Transcript from the "Base Condition Location" Lesson
>> Kyle Simpson: Now there's one little part of this particular recursive algorithm that I want to call out. This is sort of a little nuance, but it actually can sometimes lead to better solutions. So I wanna at least call this out. There's one thing that's always kinda bugged me about recursive solutions the base condition here is at that very last time.
[00:00:19] Remember we've got a string that's 100 characters long, and we pass in that final empty string. We make a function call. We pass in an empty string just so that we get zero back out. What has annoyed me always is that always felt like a completely wasted function call.
[00:00:37] If I could just look ahead one character, I could know that I don't need to make that final function call in that particular case. It's not that that final function call is the difference between a performance solution and not, okay. So I'm not making a performance question here.
[00:00:54] This is more of almost like an obsessive kind of thing, like, no, I don't want any more function calls than I ought to have. I wanna design an algorithm that only does the bare minimum necessary function calls. So is there some way for us to preserve the declarativeness of this but still avoid that final base condition?
[00:01:14] And this is the pattern, it's a slight tweak on this pattern that I want you to consider. Instead of checking our base condition first, we can reorient ourselves to simply checking everything on this first character and only doing the recursion if there's actually more work to do. It's not as complex as that may sound.

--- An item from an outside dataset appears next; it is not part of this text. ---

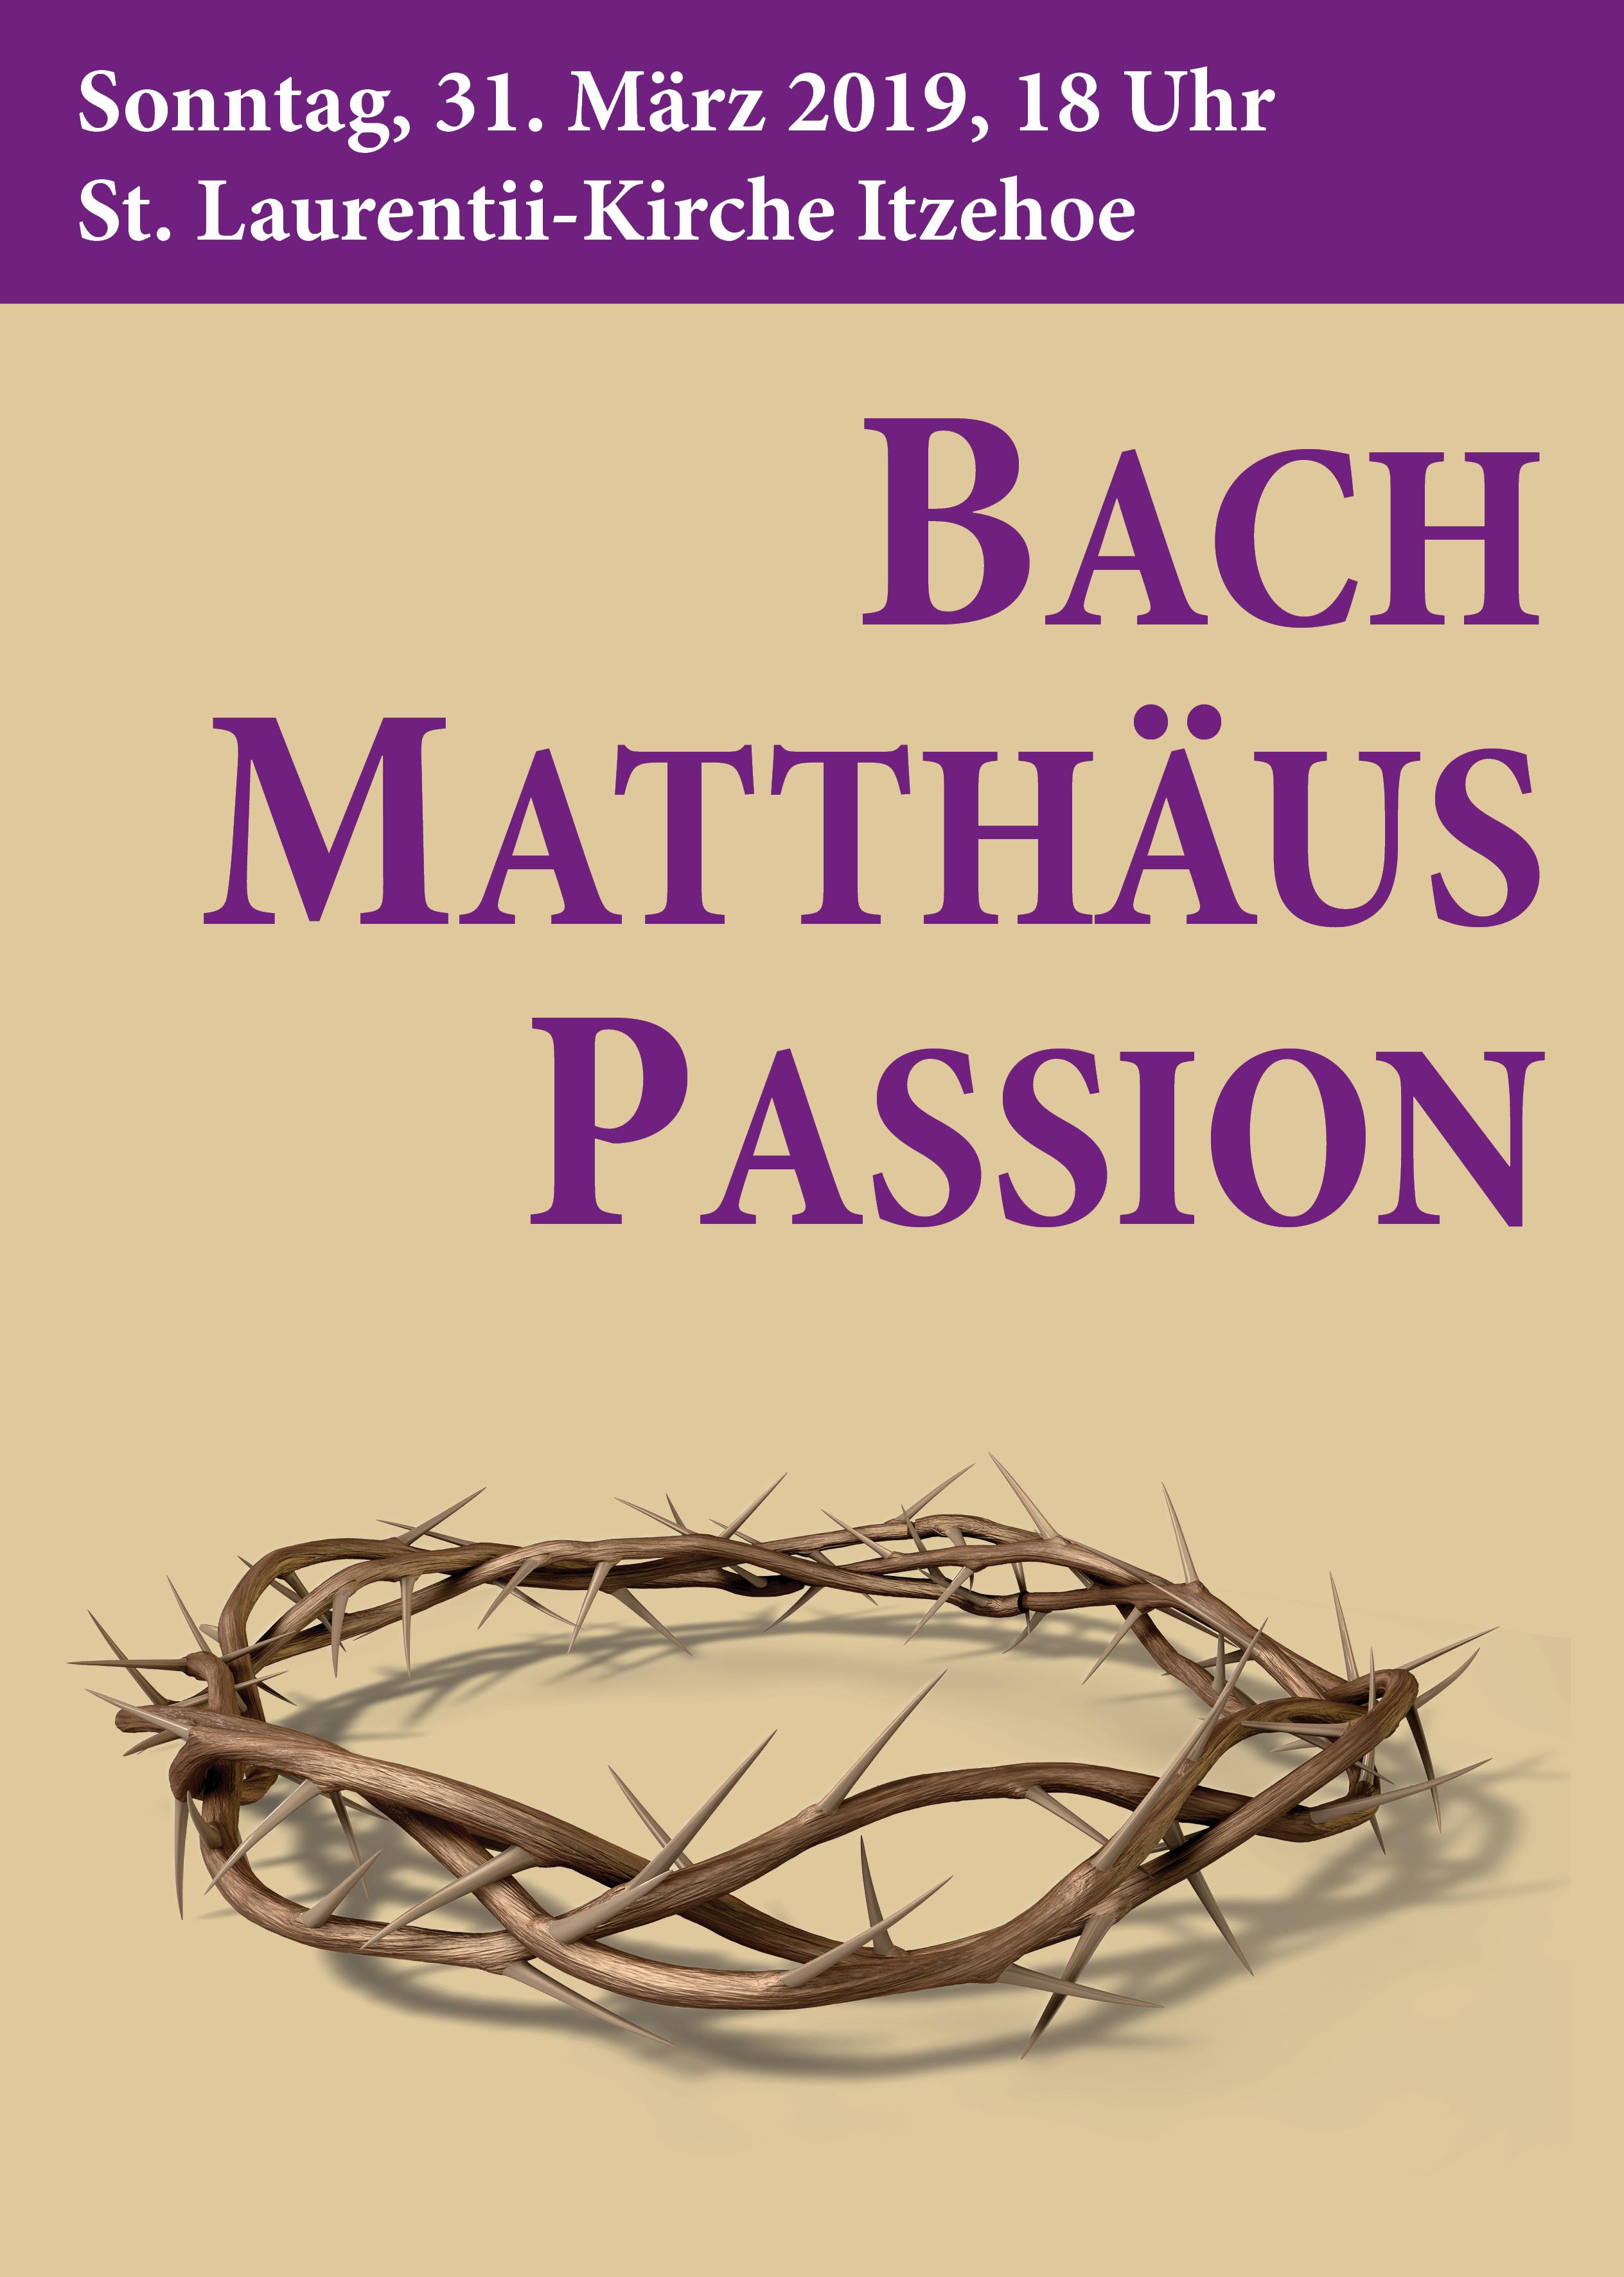 Plakat Matthäuspassion

[00:01:32] So let's take a look. Here I'm going to compute first variable, that first variable, I'm gonna compute it first. And then my base condition is gonna look different. My base condition is going to check for a string length less than or equal to 1 rather than for 0.

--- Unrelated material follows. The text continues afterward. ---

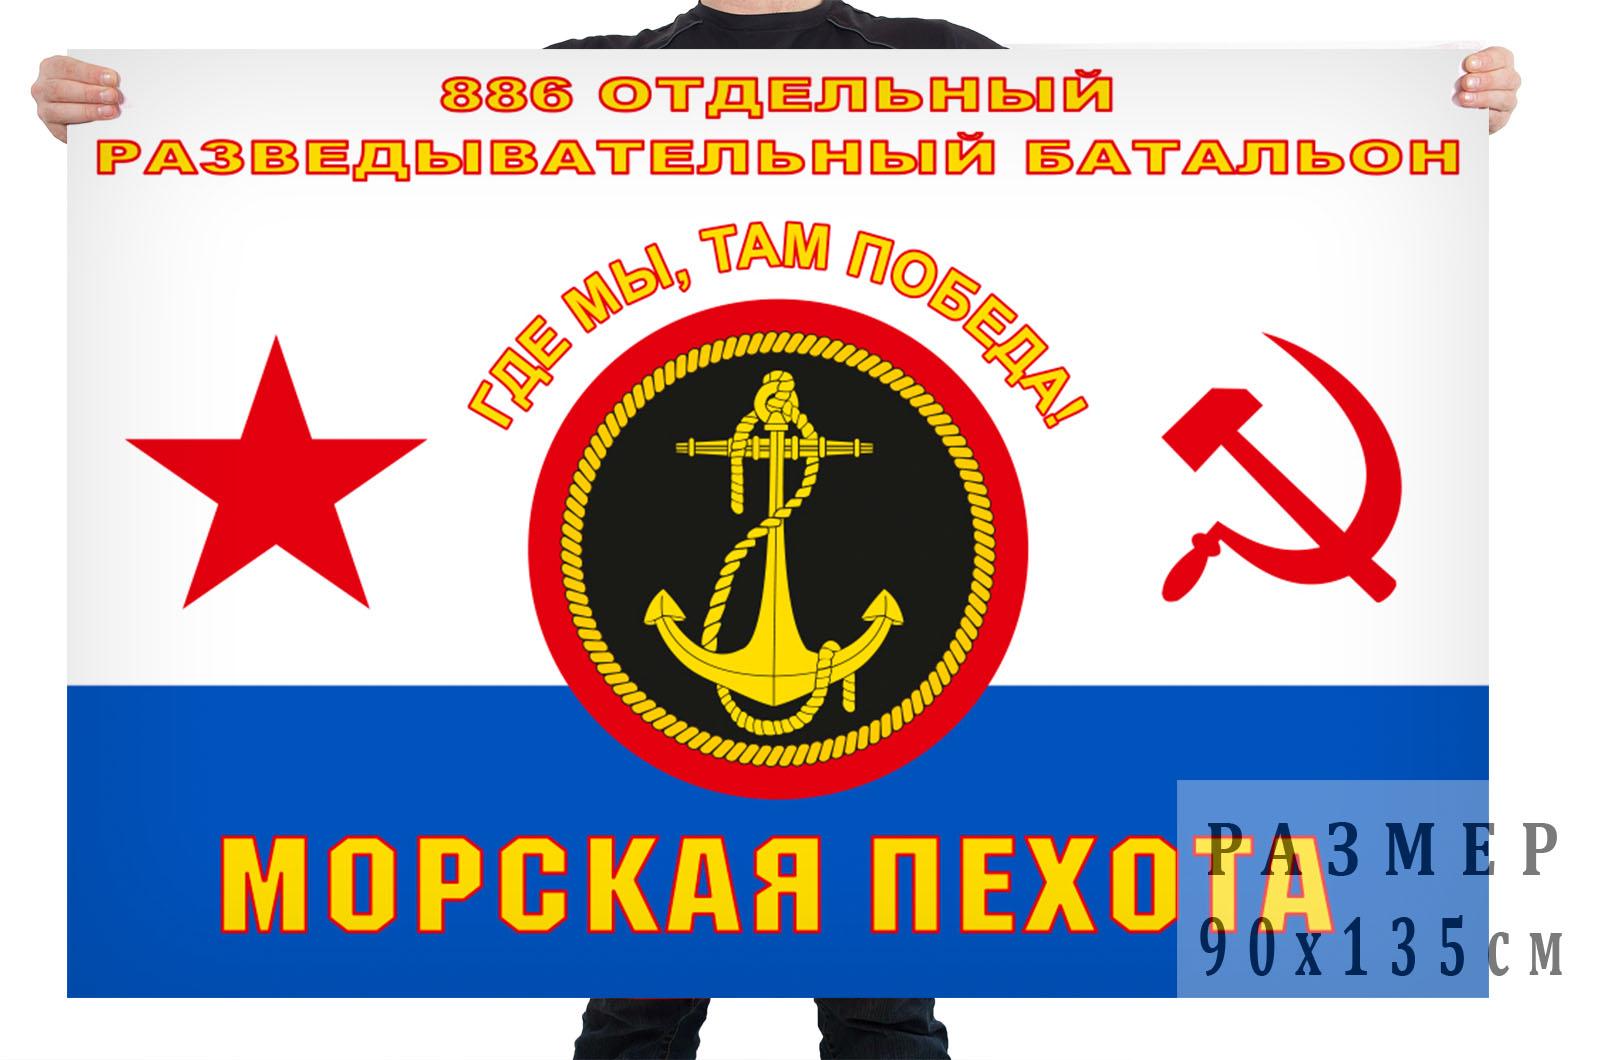 Флаг 886 отдельного разведывательного батальона морской пехоты КСФ

[00:01:51] Because I've already computed for a single character string, I've already computed my 0 or my 1. And now I'm simply saying I only need to do more work if there's actually other stuff in the string. If I'm in an empty string or a single character string, there is no more work to do.
[00:02:10] So let's not even make the recursive colon that case, simply return the 0 or the 1. And if we've passed that return statement on line 3, we know there is more work to do. And we simply do the same work we did before which is first + the rest of the string, the count to the rest of the string.
[00:02:27] It's just a slight tweak on the way of thinking, but it says, do the work now, think about the work now, and then decide if there's anymore work to do. Rather than sort of thinking about it in terms of deferring the work until later. It just changes the position of the basic condition.
[00:02:43] And I've often found that that little tweak, even though it's sort of servicing my obsessiveness of not doing extra function calls. Actually that little tweak sometimes, unlocks better optimizations for recursion. So it's something to keep in your mind. It's something to make sure you're aware of.